Shared memory coherance problem within a thread

Hello there,

I am having a problem that I cannot fix so far. I am trying to use the shared memory as a local memory per thread. So each thread in a block has its own “private memory” within the Shared. Therefore, I dinamically allocate as much shared memory as all the threads in a block can use, and then I manage the index for each thread to access a different segments of shared memory.

extern __shared__ volatile unsigned int shared_k1[];

unsigned int sharedindex =tid*elemSharedPerThread;

if (index<total_number){ 

		volatile unsigned int * l = &shared_k1[0];	

		unsigned int cellShared, bitShared;		

		for (unsigned int i=0; i<elemSharedPerThread; i++){				

			l[sharedindex+i]=0;				

 	  	}

  				

		unsigned int c = d[index];

		unsigned int beg = c;					

		d[bindex]=beg;				

		cellShared = (unsigned int)beg/32; 	

		bitShared  = beg % 32;	

		

		volatile unsigned int aux = (unsigned int)MACROBITS>>bitShared;			

		l[sharedindex+cellShared]=aux;

The problem is that l does not store the value aux at the end of the computation (only some threads do that, and the rest remains with 0 value).
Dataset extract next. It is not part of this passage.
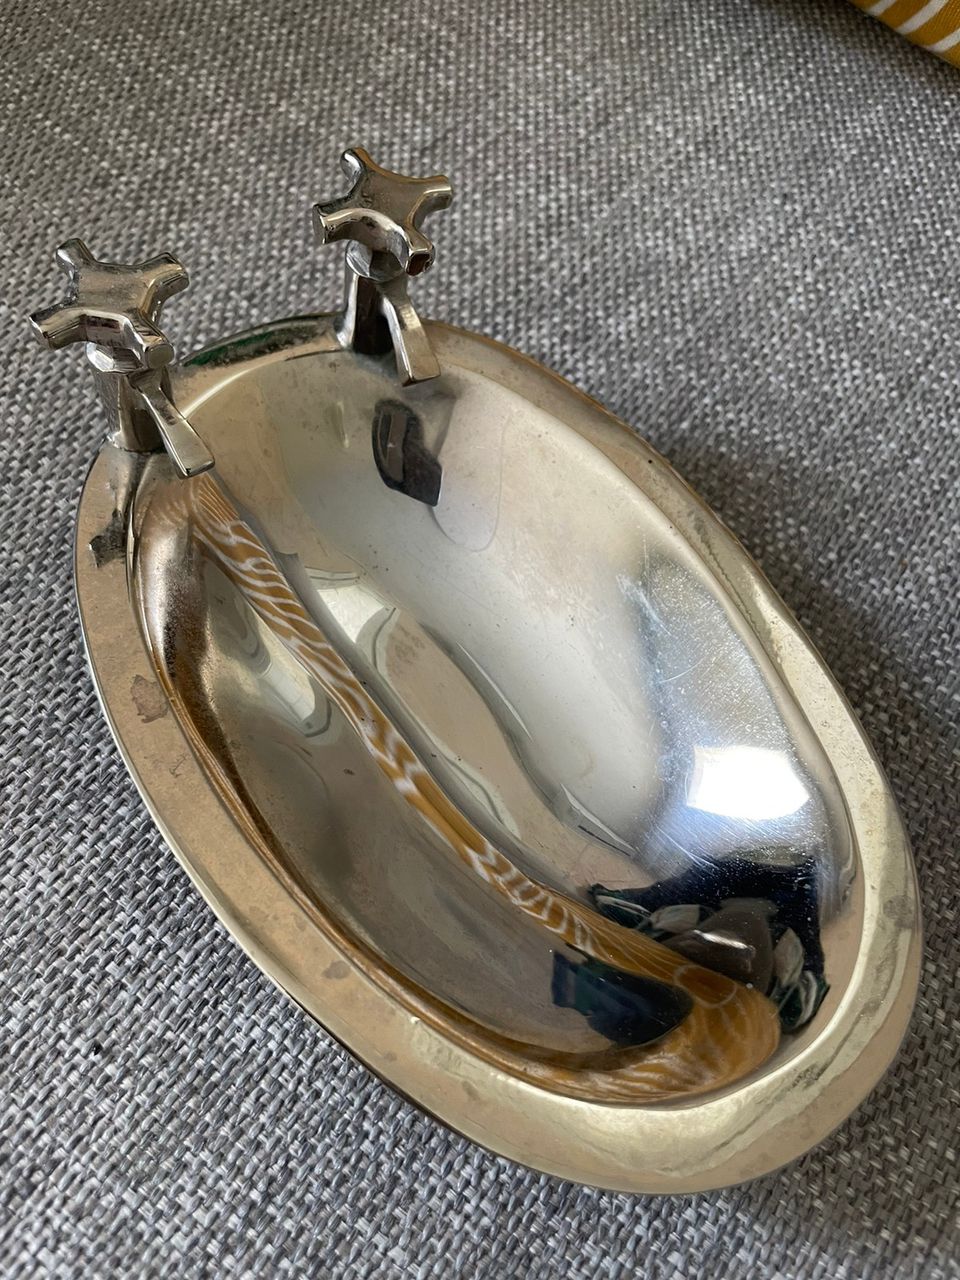 Metallinen mini allas / kylpyallas saippua-alusta

Actually, if I remove volatile clause for the variable aux, then it happens the same for this variable. However it is not possible to obtain the result in shared memory even declaring it volatile.

I have also check by using syncthreads, but it is not working, becasue actually I don’ wanna use values among threads in a block, I only want to use values in the thread itself.

I guess it is a compiler problem, i am using the latest version release 3.2, V0.2.1221.

Any ideas?

Cheers

Hello there,

I am having a problem that I cannot fix so far. I am trying to use the shared memory as a local memory per thread. So each thread in a block has its own “private memory” within the Shared. Therefore, I dinamically allocate as much shared memory as all the threads in a block can use, and then I manage the index for each thread to access a different segments of shared memory.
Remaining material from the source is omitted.